Gifford & Vernon by Dean P. Vernon, Las Vegas, Nev., for Esther Akogyeram, M.D.
Dickerson, Miles, Pico, Mitchell & Wagner by James F. Pico, Las Vegas, Nev., for Edward Rajnovich, M.D.
Cromer, Barker, Michaelson, Gillock & Rawlings by Gerald I. Gillock, Las Vegas, Nev., for Donald C. Reck, M.D.
RULING ON MOTIONS
ROGER D. FOLEY, Senior District Judge.
STATEMENT OF FACTS
Plaintiff, as guardian ad litem for her infant daughter, seeks substantial damages from Clark County, Nevada, and certain medical doctors, alleging that the County's hospital employees were negligent in the operation of its hospital,[1] that the doctor defendants, either as employees of the hospital or as members of the staff of the hospital, were negligent in treating plaintiff as an indigent patient at the time of the birth of her infant daughter on February 23, 1980, and that, because of the negligence of hospital employees and the doctor defendants, the child has suffered permanent brain damage.
MOTIONS
Clark County has moved to dismiss and for summary judgment, raising questions of sovereign immunity and charitable immunity. The doctor defendants join in these motions.
SOVEREIGN IMMUNITY
In 1965, and with amendments through 1981, the Nevada Legislature waived, for the state and its political subdivisions, sovereign immunity, provided certain conditions were met. The state and its political subdivisions consented to have their liability determined in accordance with the same rules of law as are applied to civil actions against natural persons and corporations, if certain specified conditions were met. See NRS 41.031 to 41.039, inclusive.
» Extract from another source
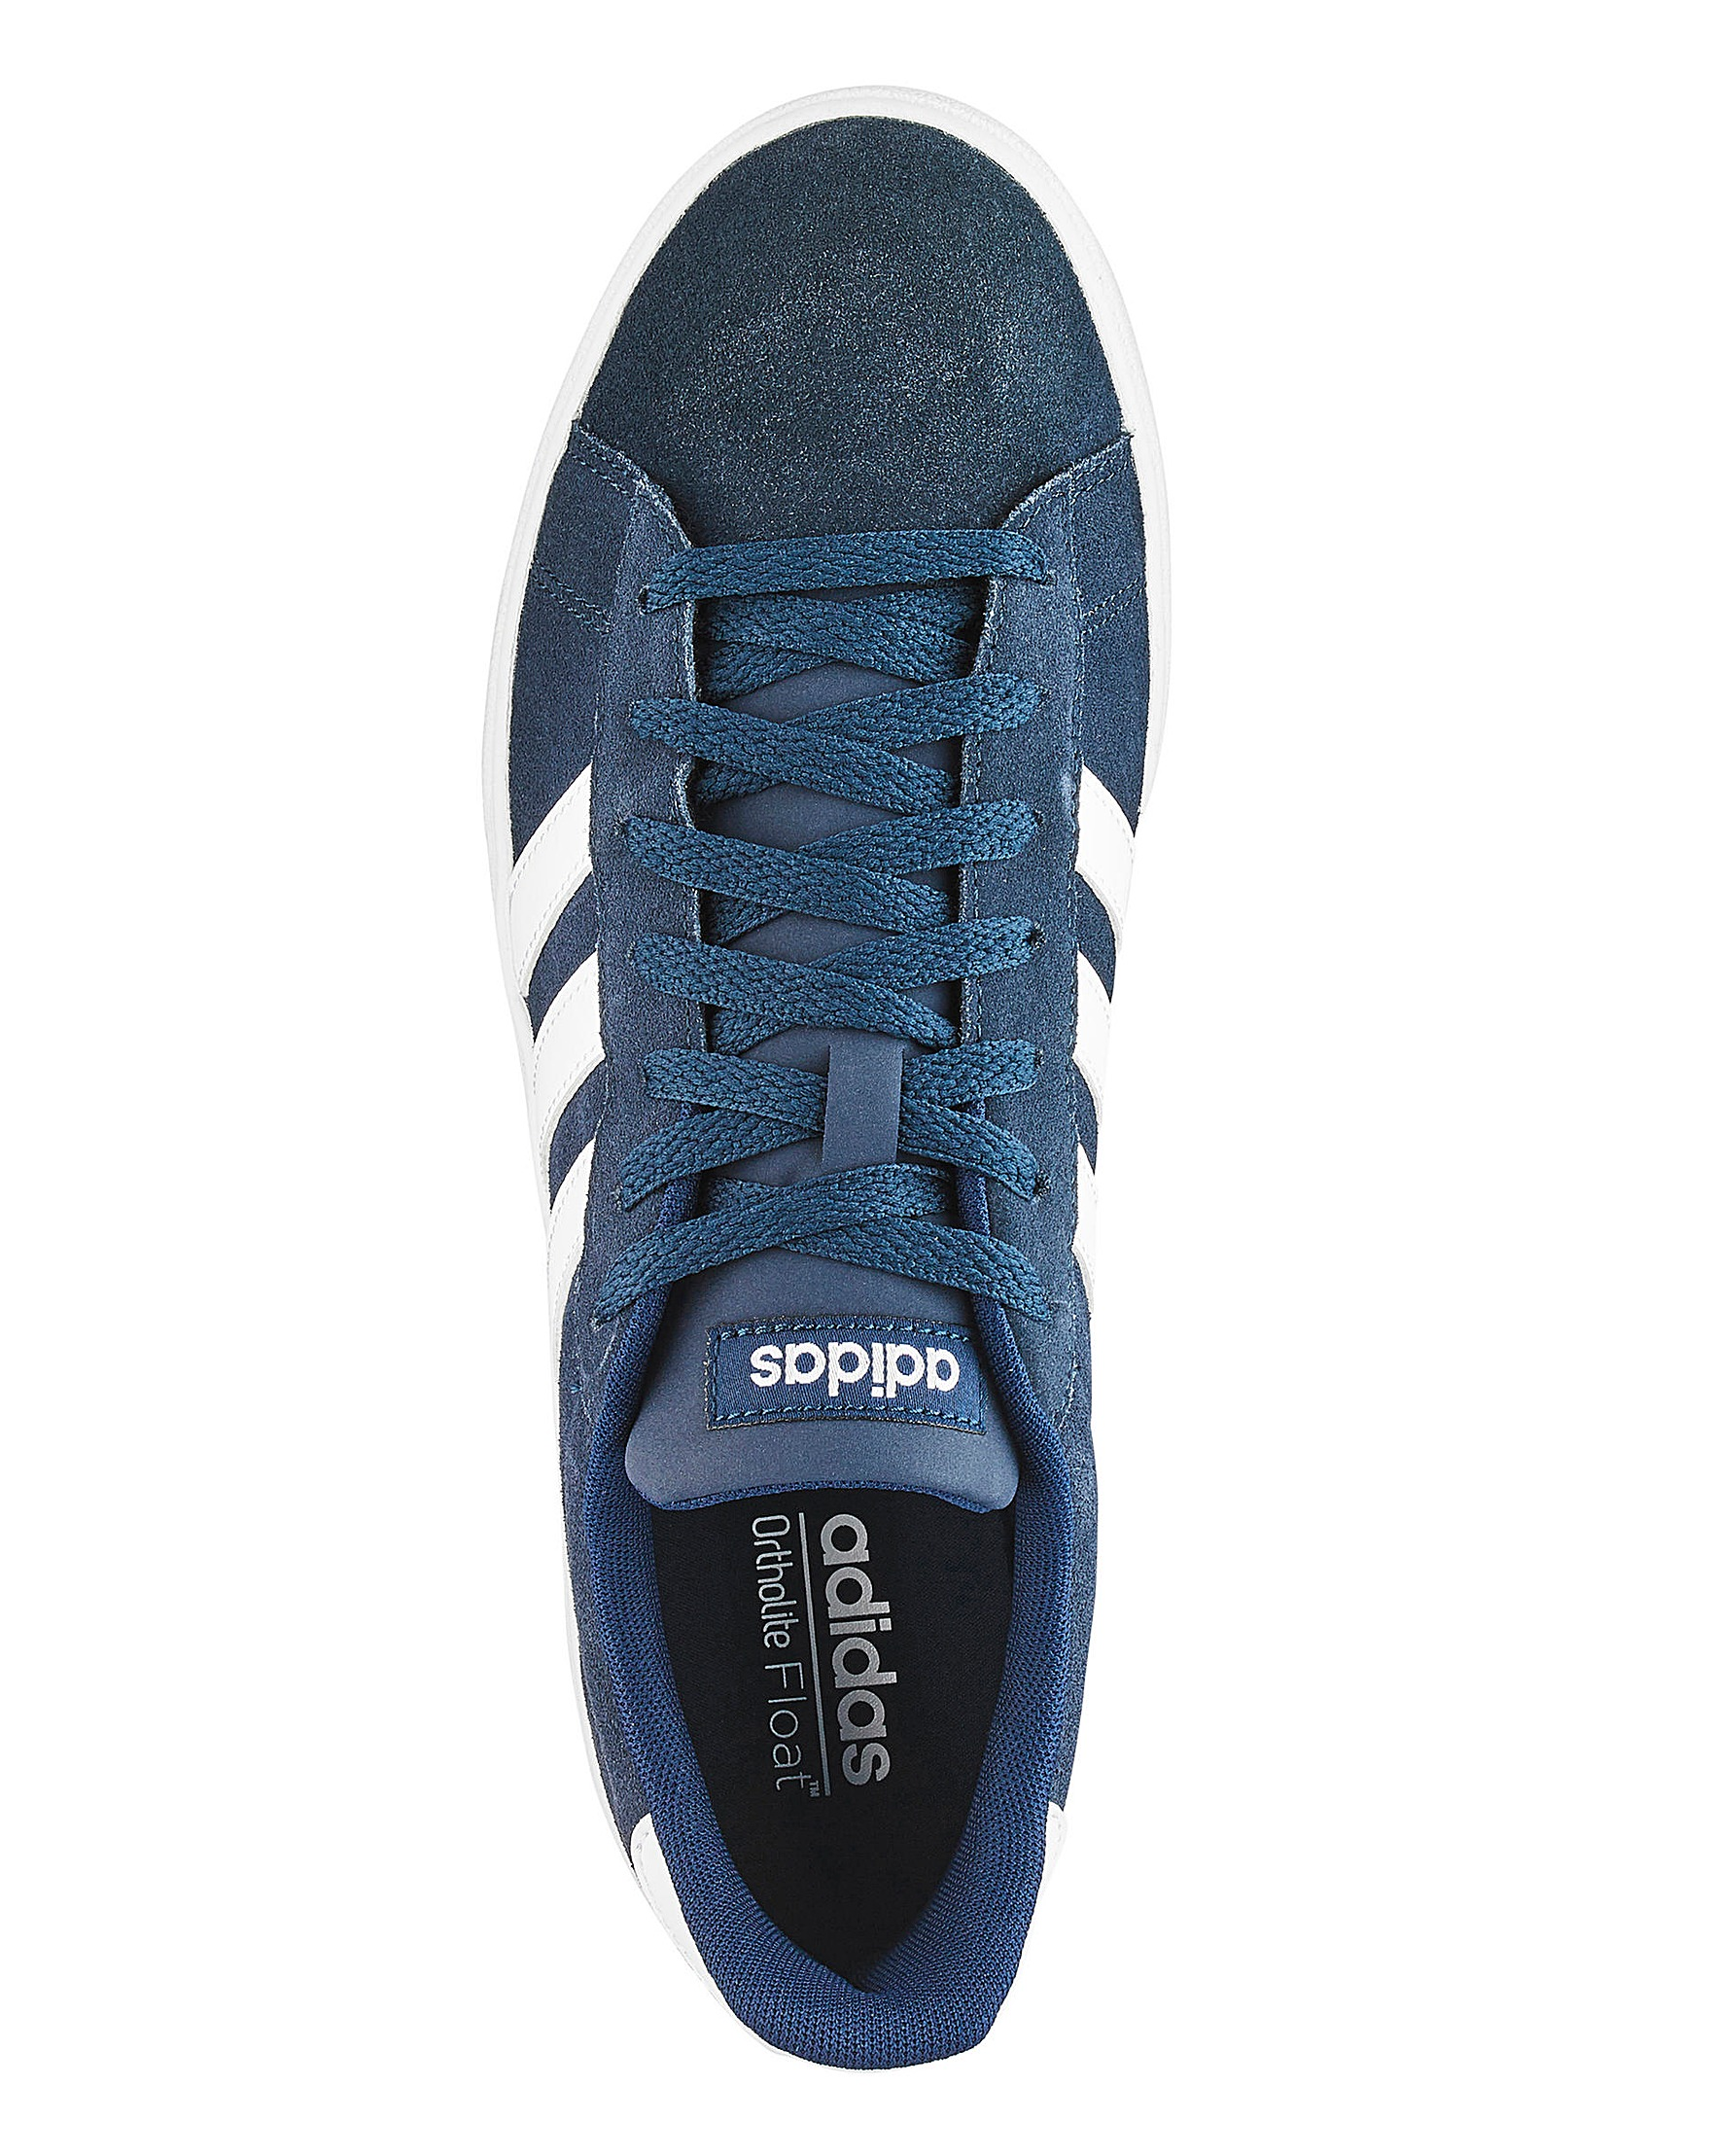 big sale 5af29 2c4de adidas Daily 2.0 Trainers   J D Williams

The sovereign immunity waiver scheme contemplates that the state or its political subdivisions could be held liable for the torts of its public officers and employees if committed within the scope of their public employment. The scheme provides that:
(a) An action in tort arising out of an act or omission within the scope of public *826 duties or employment may be brought against a public officer or employee if the state or appropriate political subdivision were also named a party defendant;
(b) The maximum amount of damages that the tort claimant could be awarded is $50,000;
(c) If the public officer or employee is found liable and judgment entered against him, with certain exceptions the state would indemnify the public officer or employee.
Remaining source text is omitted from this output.